SAINT LAURENT PARIS

「ダサい」「ユルい」が最高のファッションイメージ

サンローランの最新コレクションを簡潔にいうならば、「ちょいダサで、最高にクール」。これまでジェンダーレスに挑み続けて確立させたナチュラルでフラットなスタンスが、意外にも個性的な形で進化を遂げたのが今シーズンです。

デザインの軸となるのは、70年代から80年代を時代背景にしたサーフルックと90年代のグランジ。チープさを助長させるヴィヴィッドなカラーやユルめなシルエットに通じるサーフカジュアルと、恐竜プリントやパッチワーク、ヴィンテージ加工の白スニといった”古着屋ストック”を想起させるモチーフが大胆に料理されています。

サンローランが解釈する「ナチュラルでフラット」は、「ダサさもパーソナルな個性」と同意になっています。その新たな美的概念が新時代のドレスコードに成りえるというものです。

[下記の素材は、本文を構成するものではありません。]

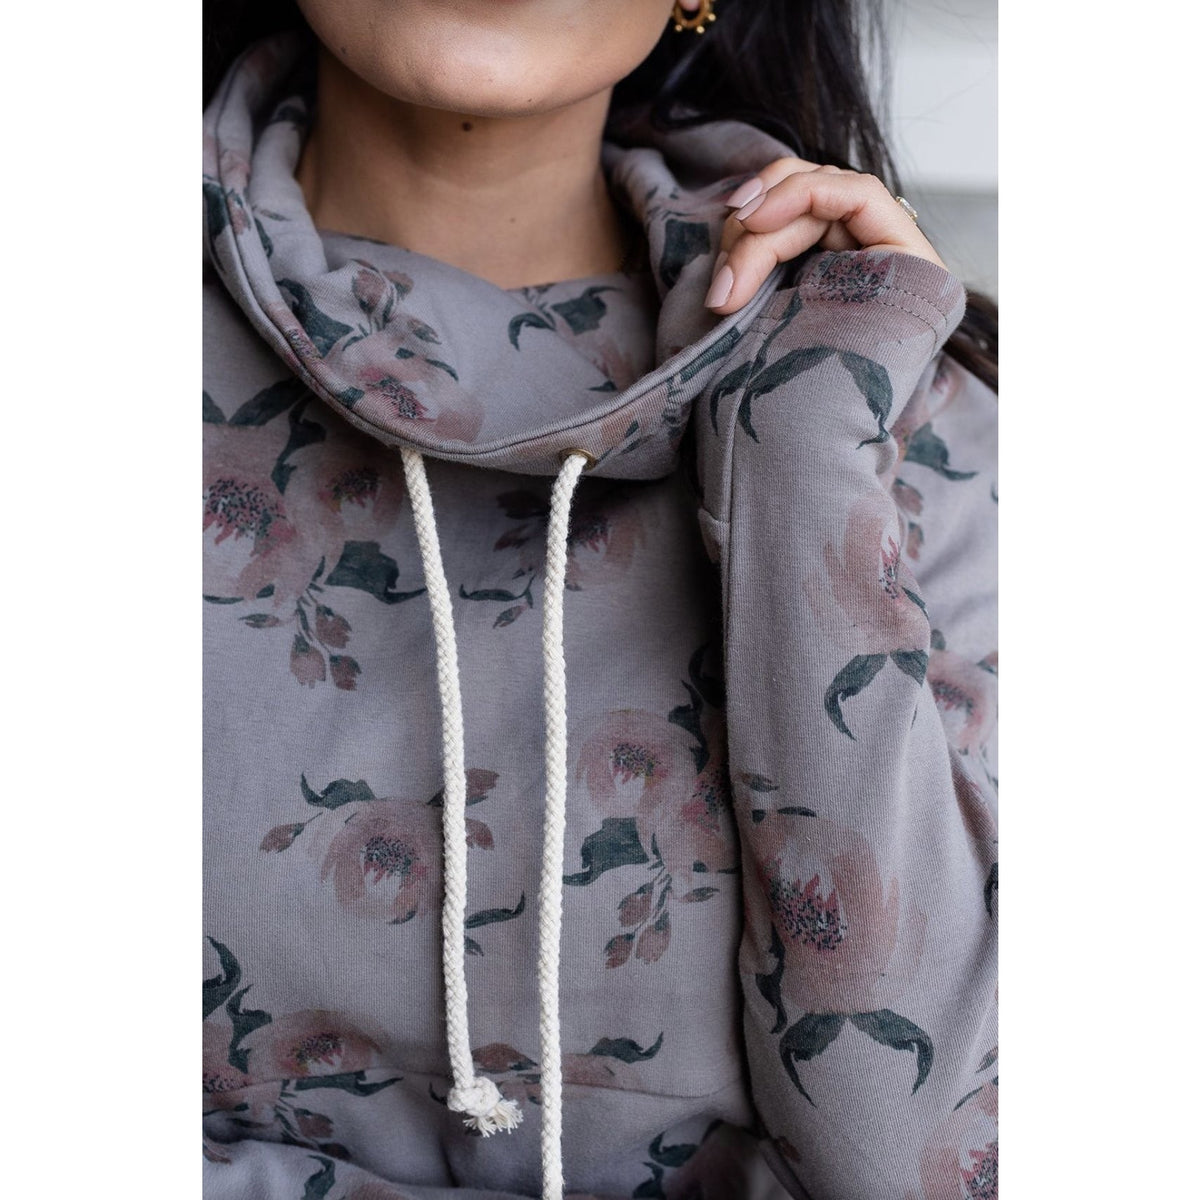 Ampersand Avenue Cowl Neck Sweatshirt Mademoiselle – The Boutique

一方ウィメンズでは、音楽とファッションの親和性をテーマに「野外フェス」をセレクトしています。象徴的なのはストラップのミニドレスにラバー製の”フェスブーツ”こと長靴。頭にはバンダナではなくティアラを乗せてアップデートしています。90年代のケイトモスをインスピレーションのひとつに捉えて、時代のアイコンを煌びやかに蘇らせながら、開放的でオブセストなスタイリングが提案されています。
トートバッグ
シャープなサンローランのイメージを覆したのがキャンバス使いのコレ。気分のユルさに近づきながら、革やシルエットの映えつ使い方にメゾンのアイデンティティがキラリ。
トートバッグ
シーズンテーマにリーチしたフォークロア路線のデザイン。春モノに敢えての黒オシはブレない美意識と、女性の気品を引き出してくれる。
テディジャケット
エディ版サンローランのアイコンウェアとして人気の高いテディジャケット。今シーズンはシルエットに若干の余裕アリ。ディテイルの革遣いがシャープな男気をアピる。